== Problem description ==
Your copy should hold only the lines from the one with "utvecklings samtal -Kartläggning/" to the one with "Client ayant un", both included, each exactly as it stands below, with no pictures.

== Dataset records ==
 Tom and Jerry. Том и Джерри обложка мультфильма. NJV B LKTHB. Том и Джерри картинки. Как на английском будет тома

--

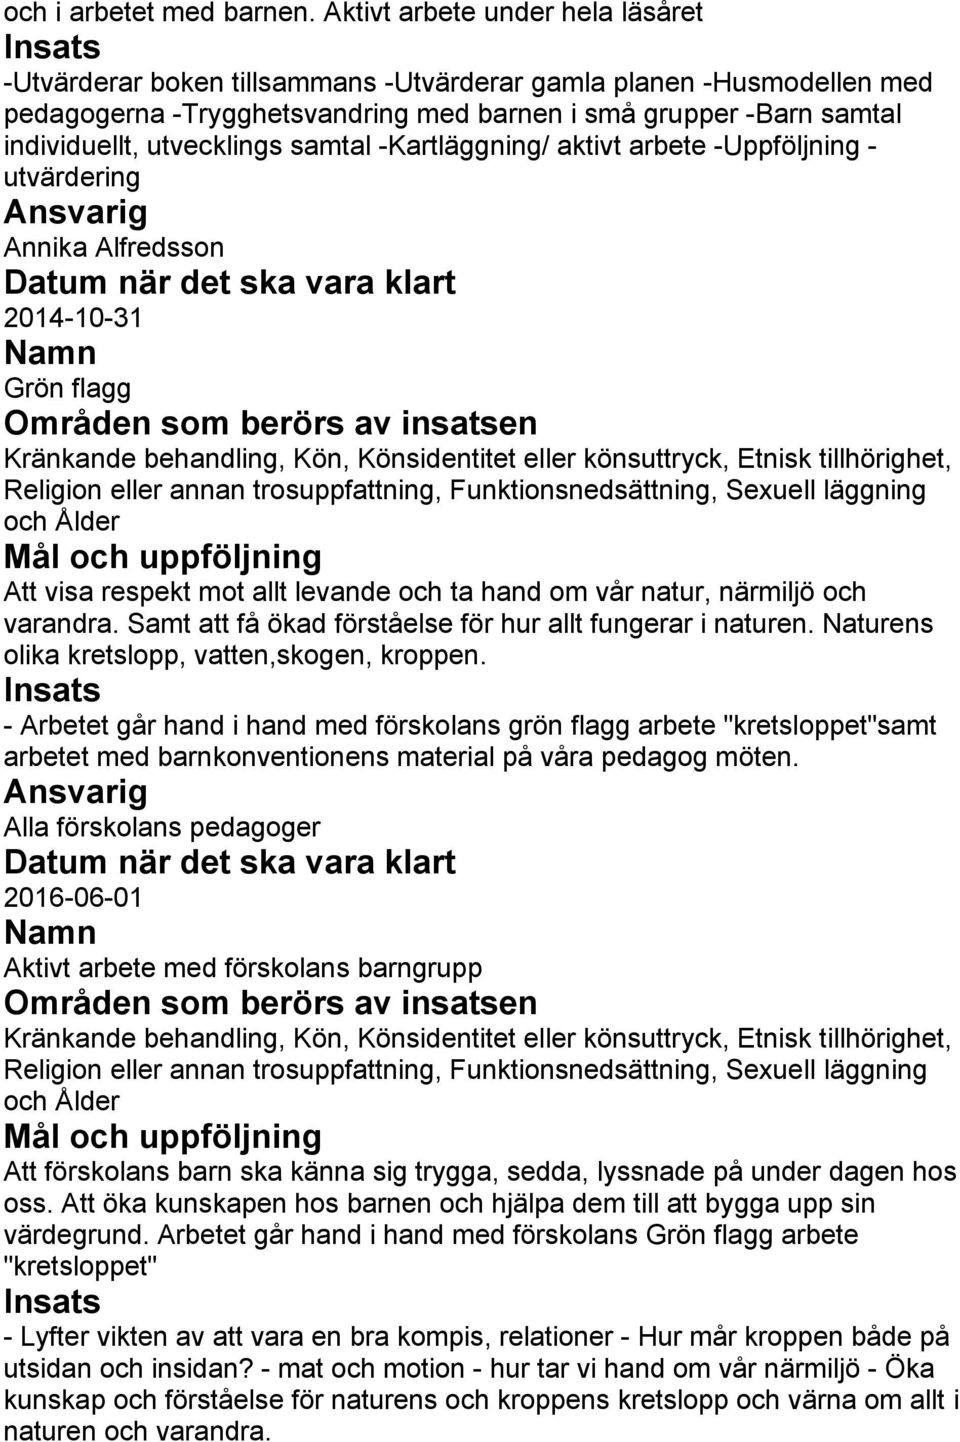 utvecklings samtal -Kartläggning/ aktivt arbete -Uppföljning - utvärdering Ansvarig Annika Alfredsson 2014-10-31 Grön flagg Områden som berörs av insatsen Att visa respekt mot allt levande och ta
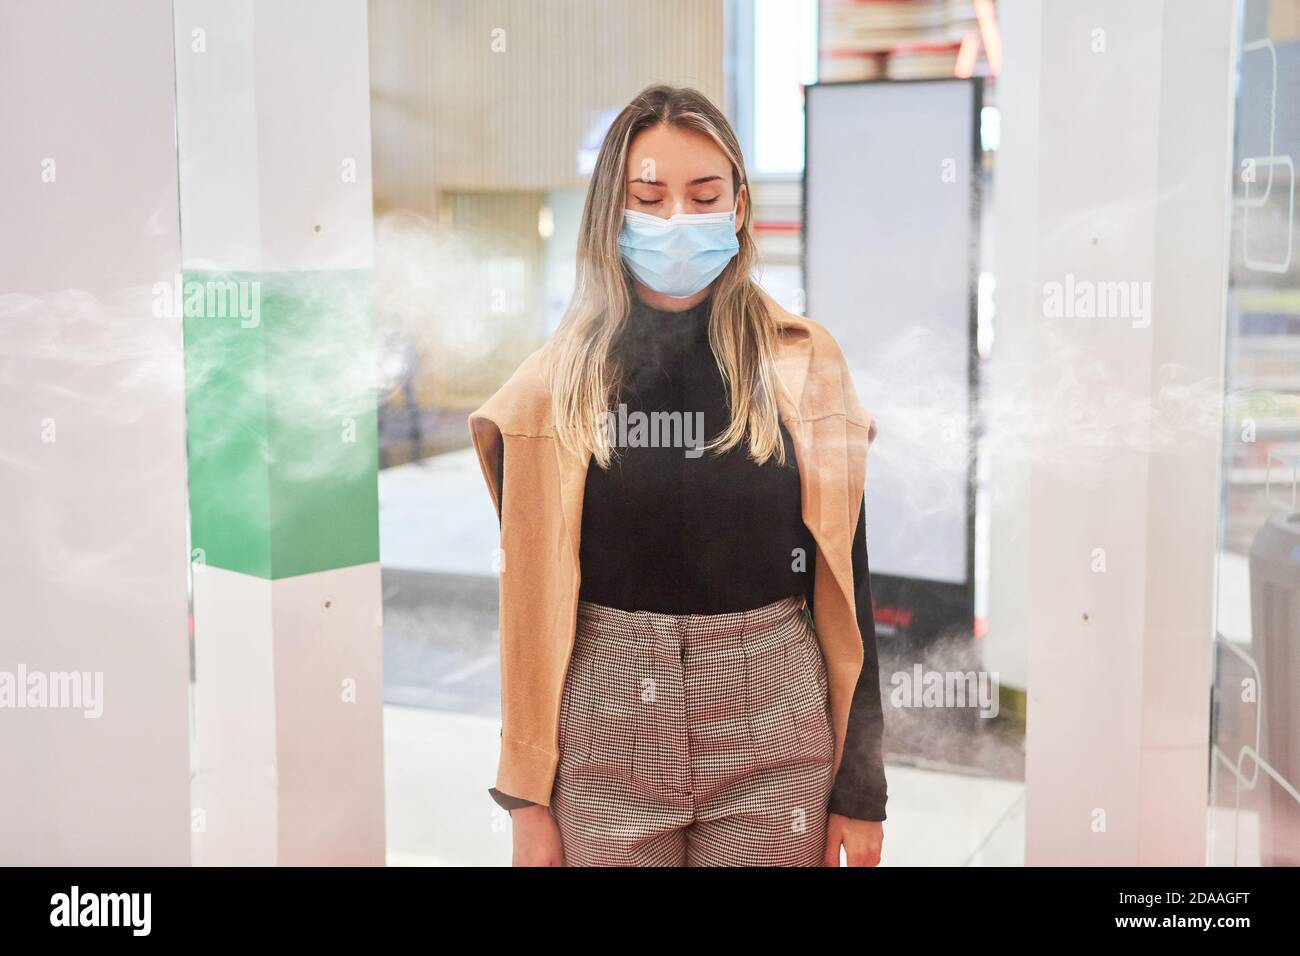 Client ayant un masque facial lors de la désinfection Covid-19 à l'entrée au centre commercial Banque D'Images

==

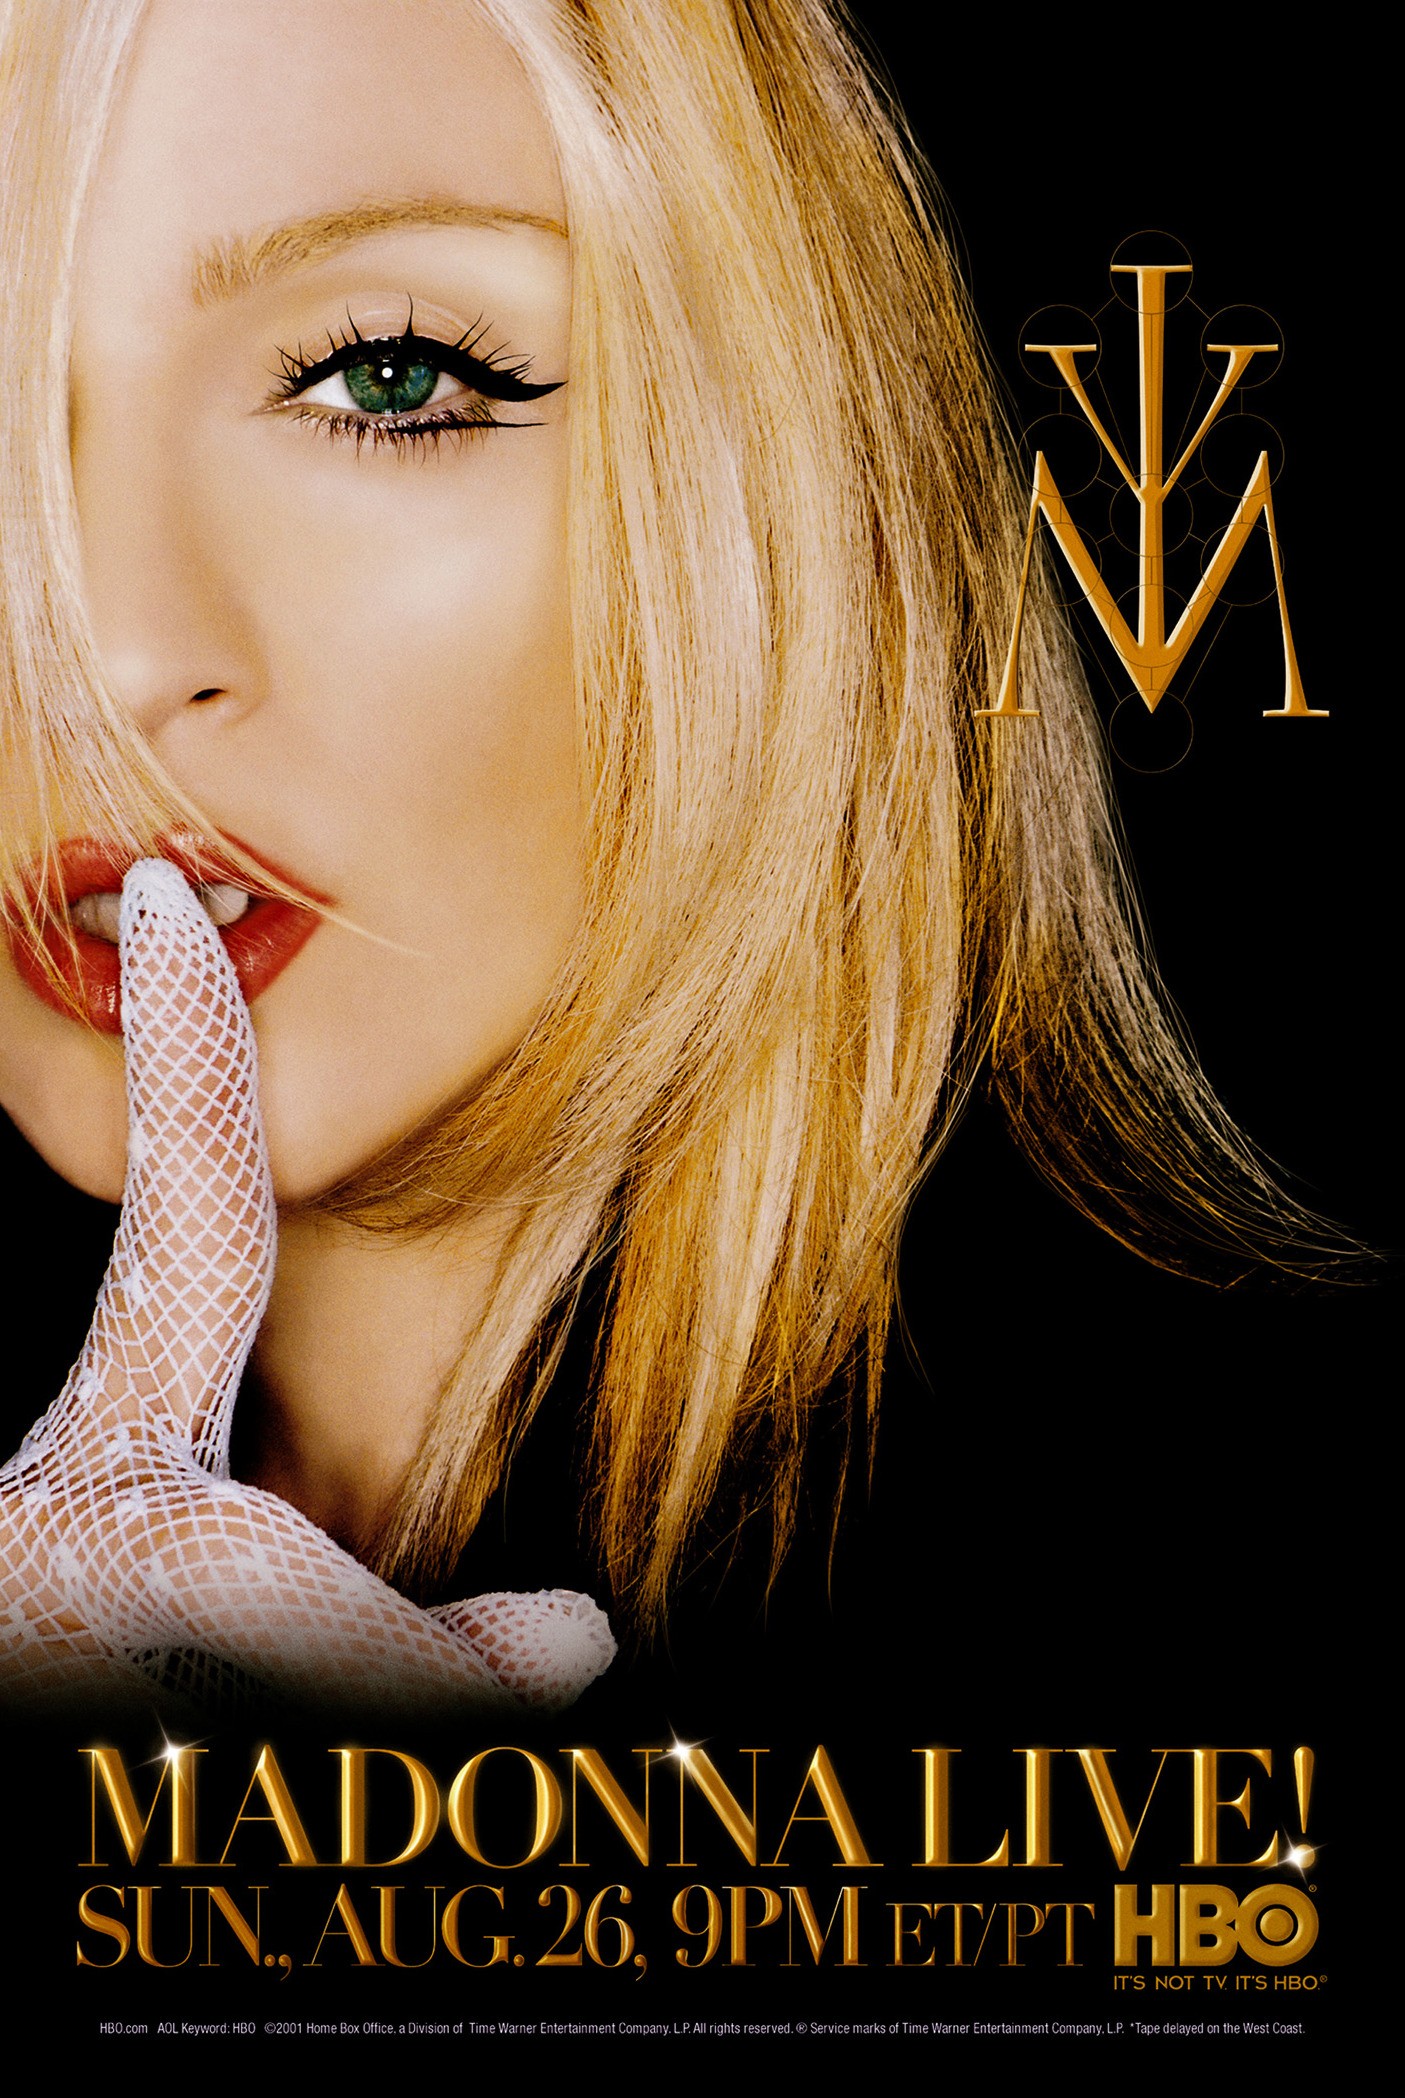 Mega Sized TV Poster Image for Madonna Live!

== Answer to the problem ==
 utvecklings samtal -Kartläggning/ aktivt arbete -Uppföljning - utvärdering Ansvarig Annika Alfredsson 2014-10-31 Grön flagg Områden som berörs av insatsen Att visa respekt mot allt levande och ta
 Client ayant un masque facial lors de la désinfection Covid-19 à l'entrée au centre commercial Banque D'Images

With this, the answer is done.